§ **INSTRUCTIONS TO FOLLOW**
From the records below, transcribe only the lines running from the one with "Video Example" through the one with "yIn(x2-4x +1), (4, 0)". Keep both of those end lines.

(Beginning of PROVIDED ENTRIES)

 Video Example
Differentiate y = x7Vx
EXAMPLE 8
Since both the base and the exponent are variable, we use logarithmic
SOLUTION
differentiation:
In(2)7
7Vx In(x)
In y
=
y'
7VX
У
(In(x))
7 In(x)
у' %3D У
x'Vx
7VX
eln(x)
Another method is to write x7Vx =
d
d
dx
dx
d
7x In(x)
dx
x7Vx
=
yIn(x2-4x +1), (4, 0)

(End of PROVIDED ENTRIES)
(Beginning of PROVIDED ENTRIES)

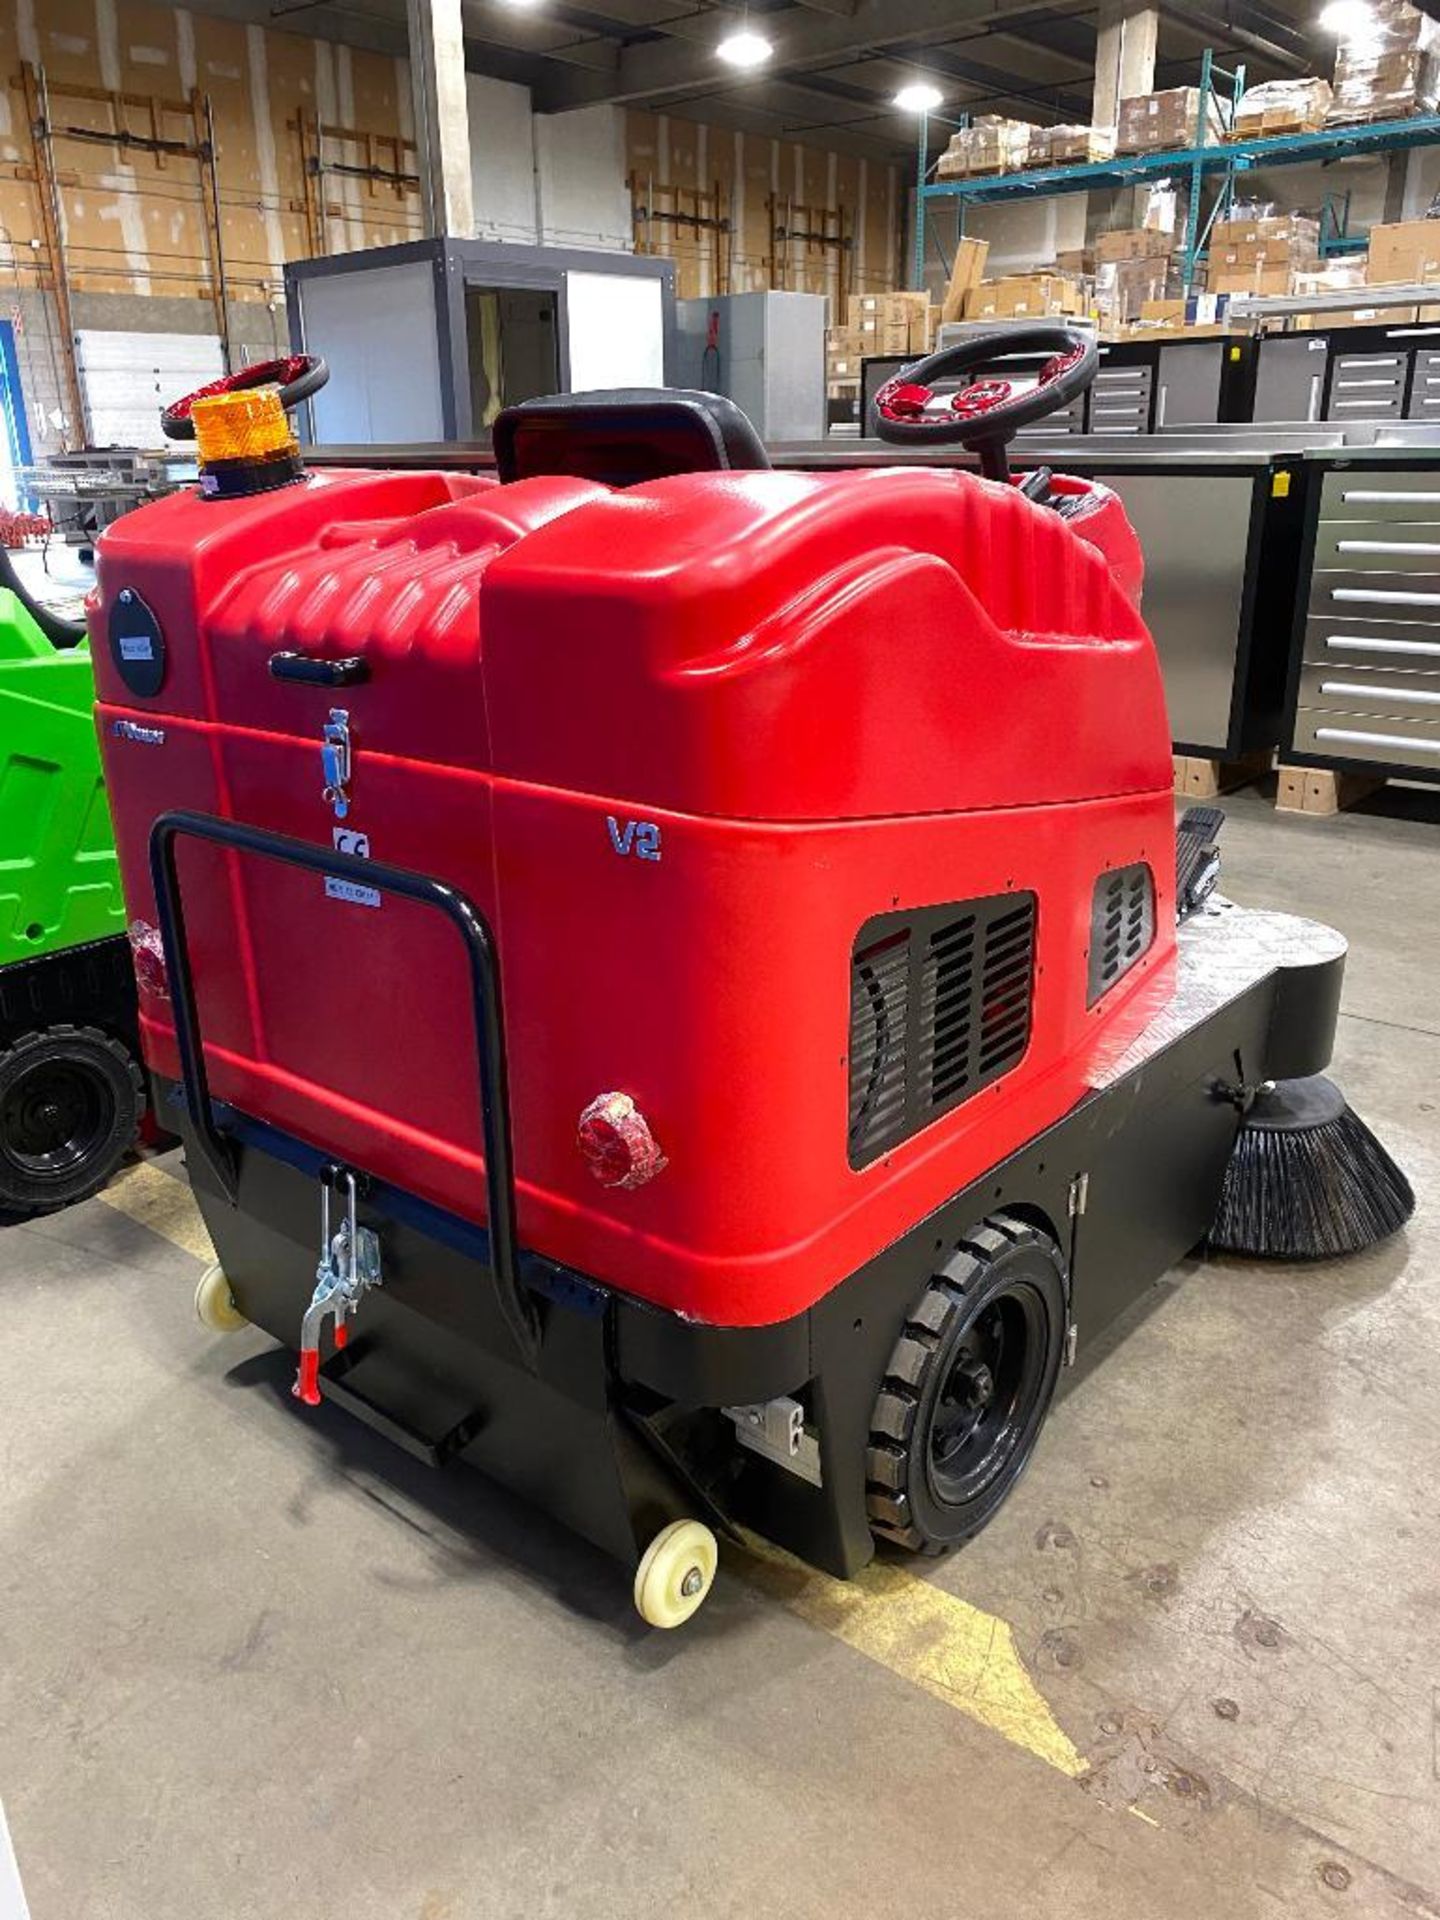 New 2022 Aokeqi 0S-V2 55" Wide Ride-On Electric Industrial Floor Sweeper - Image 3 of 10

(End of PROVIDED ENTRIES)
(Beginning of PROVIDED ENTRIES)

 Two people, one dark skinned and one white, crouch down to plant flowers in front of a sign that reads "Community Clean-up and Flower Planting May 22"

(End of PROVIDED ENTRIES)

§ **REPLY TO THE EXERCISE**
 Video Example
Differentiate y = x7Vx
EXAMPLE 8
Since both the base and the exponent are variable, we use logarithmic
SOLUTION
differentiation:
In(2)7
7Vx In(x)
In y
=
y'
7VX
У
(In(x))
7 In(x)
у' %3D У
x'Vx
7VX
eln(x)
Another method is to write x7Vx =
d
d
dx
dx
d
7x In(x)
dx
x7Vx
=
yIn(x2-4x +1), (4, 0)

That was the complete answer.